(Data excerpt):
******************************
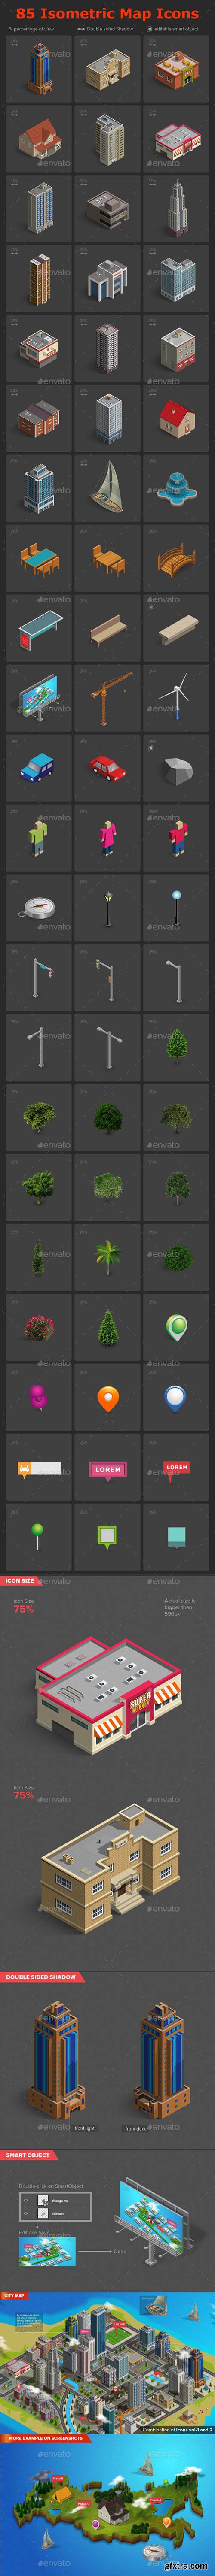 Graphicriver Isometric Map Icons Vol.02 17979944
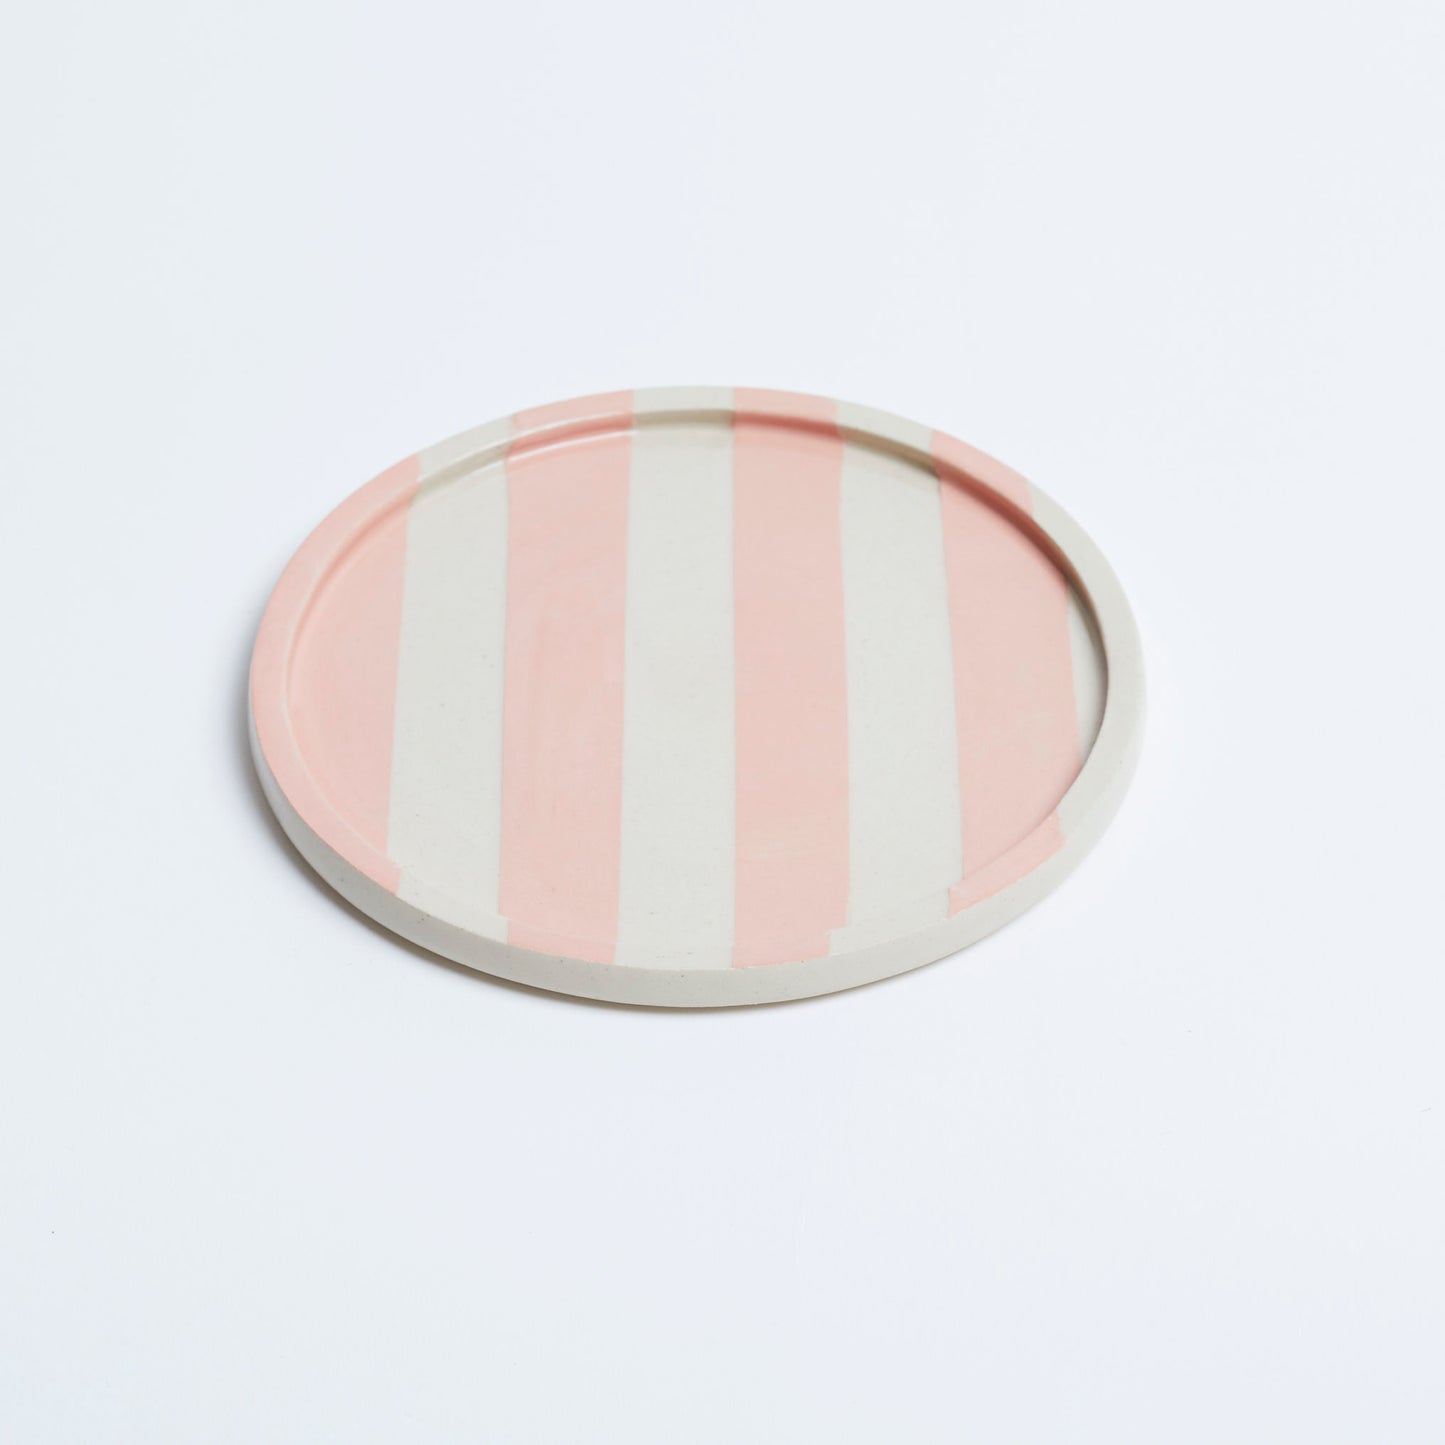 Duci Striped Plate Pink 15cm
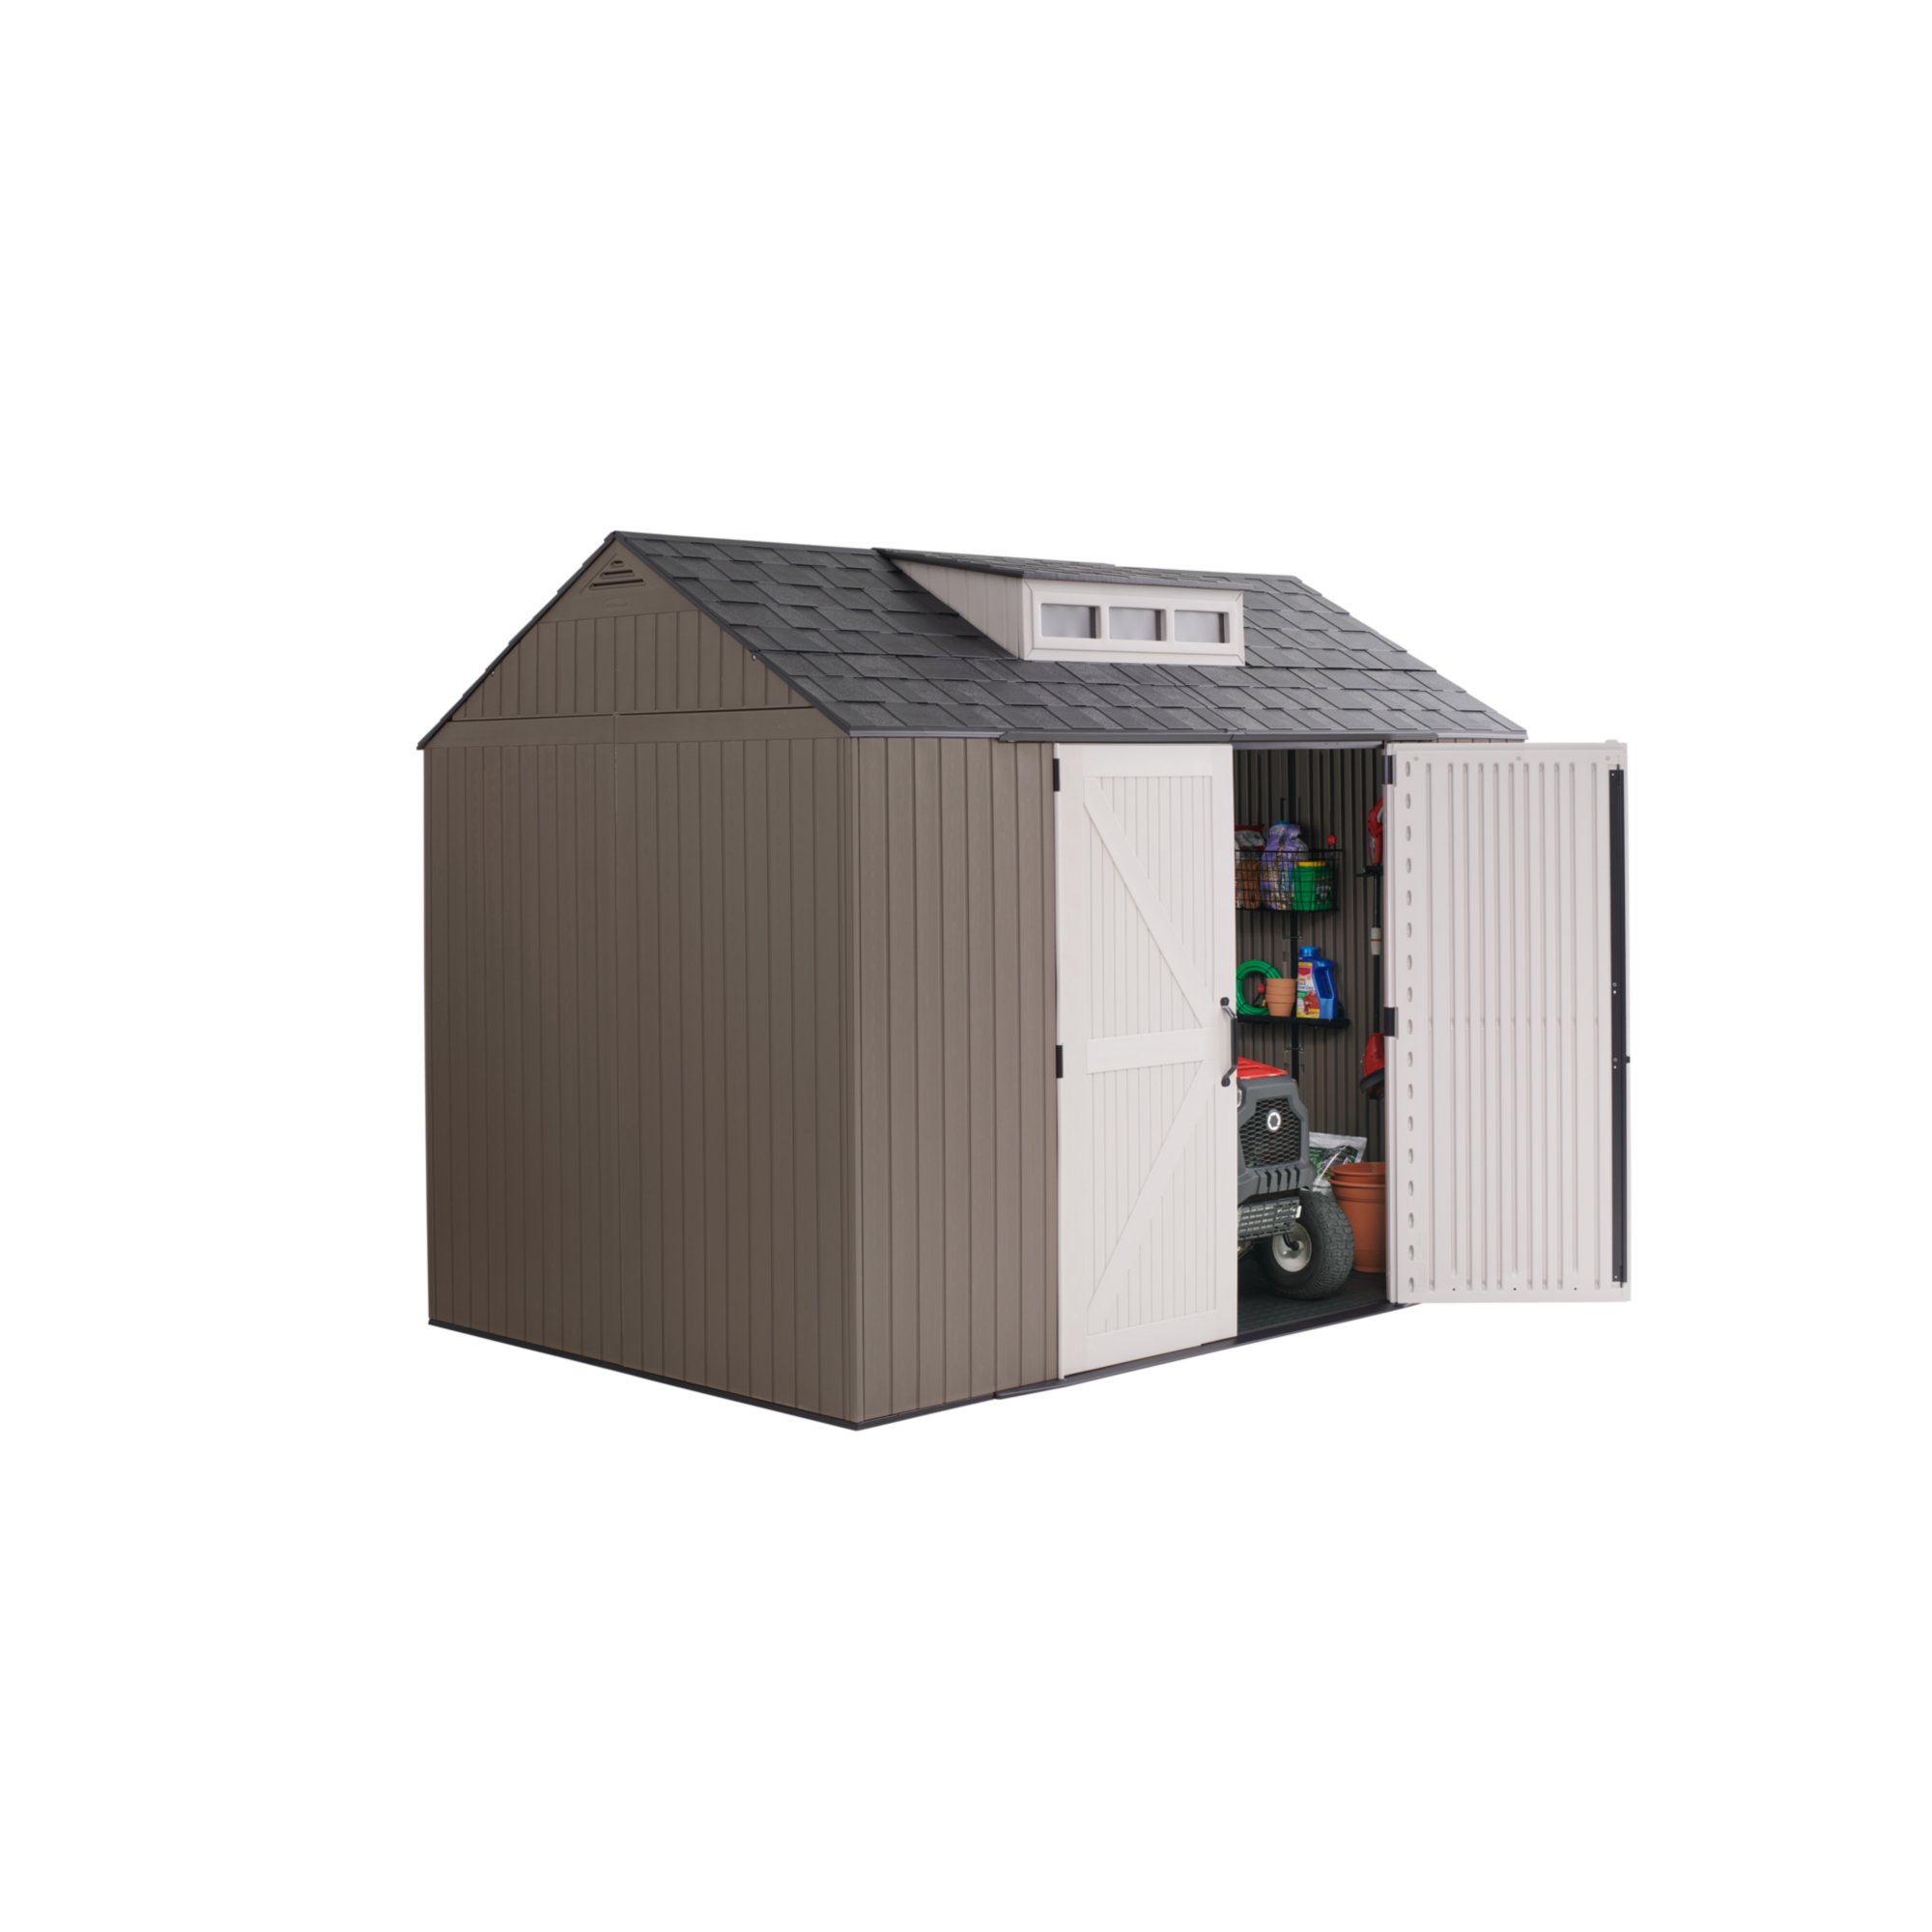 Rubbermaid 60-in x 79-in x 54-in Olive Resin Outdoor Storage Shed at
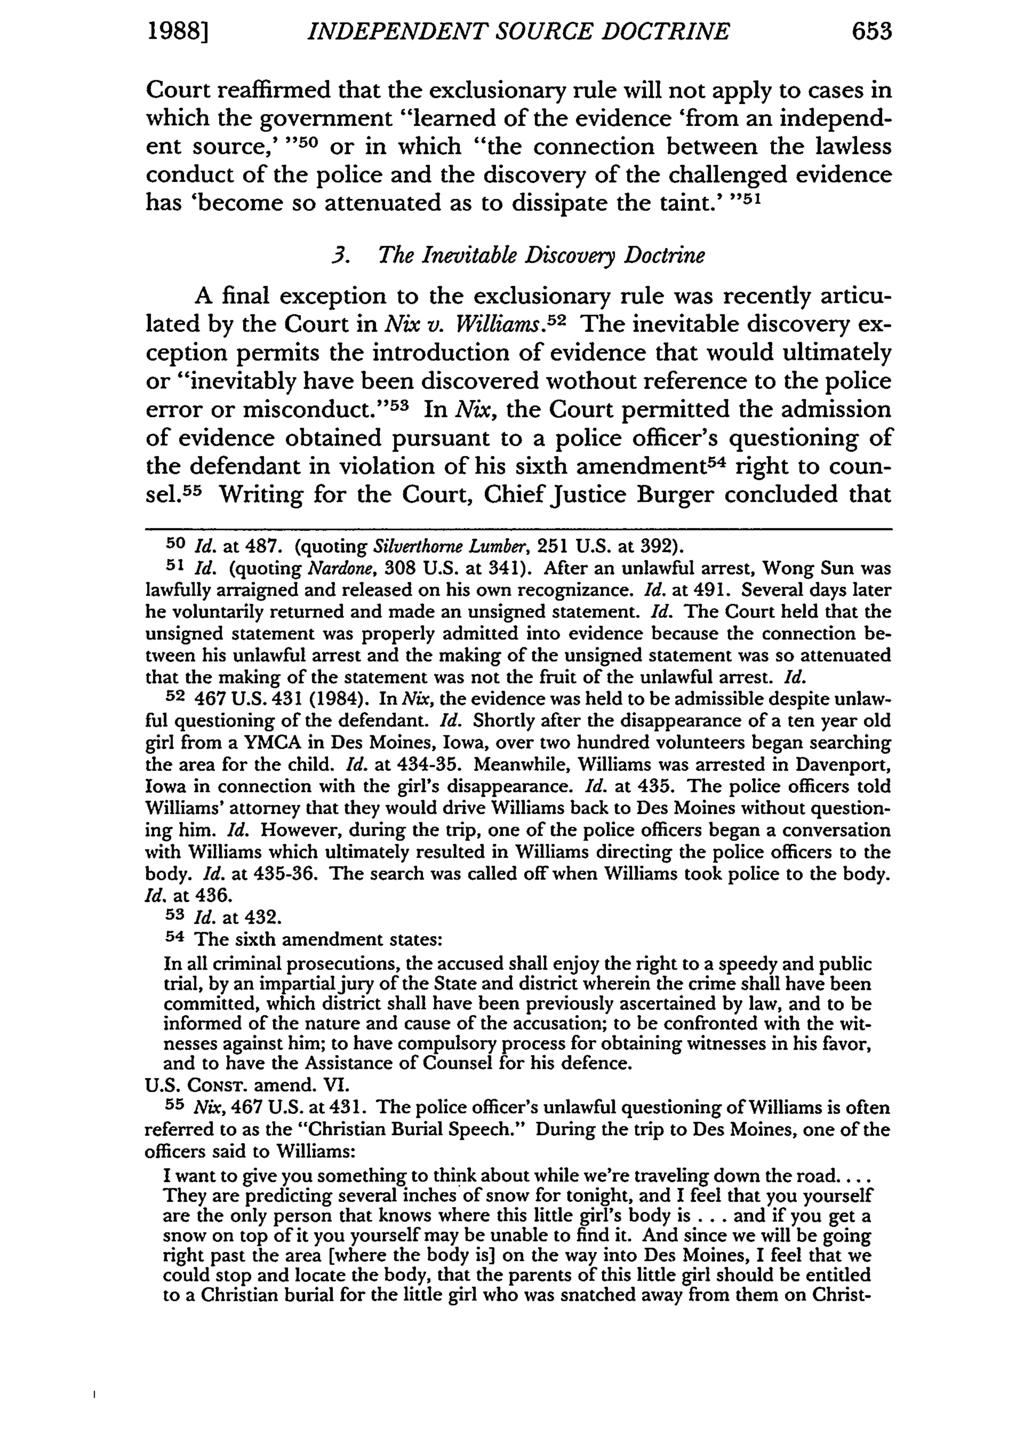 1988] INDEPENDENT SOURCE DOCTRINE Court reaffirmed that the exclusionary rule will not apply to cases in which the government "learned of the evidence 'from an independent source,'"50 or in which
******************************
(Action item): The expected output is the full data above, reproduced exactly with no images.

(Answer to the exercise):
 Graphicriver Isometric Map Icons Vol.02 17979944
 Duci Striped Plate Pink 15cm
 Rubbermaid 60-in x 79-in x 54-in Olive Resin Outdoor Storage Shed at
 1988] INDEPENDENT SOURCE DOCTRINE Court reaffirmed that the exclusionary rule will not apply to cases in which the government "learned of the evidence 'from an independent source,'"50 or in which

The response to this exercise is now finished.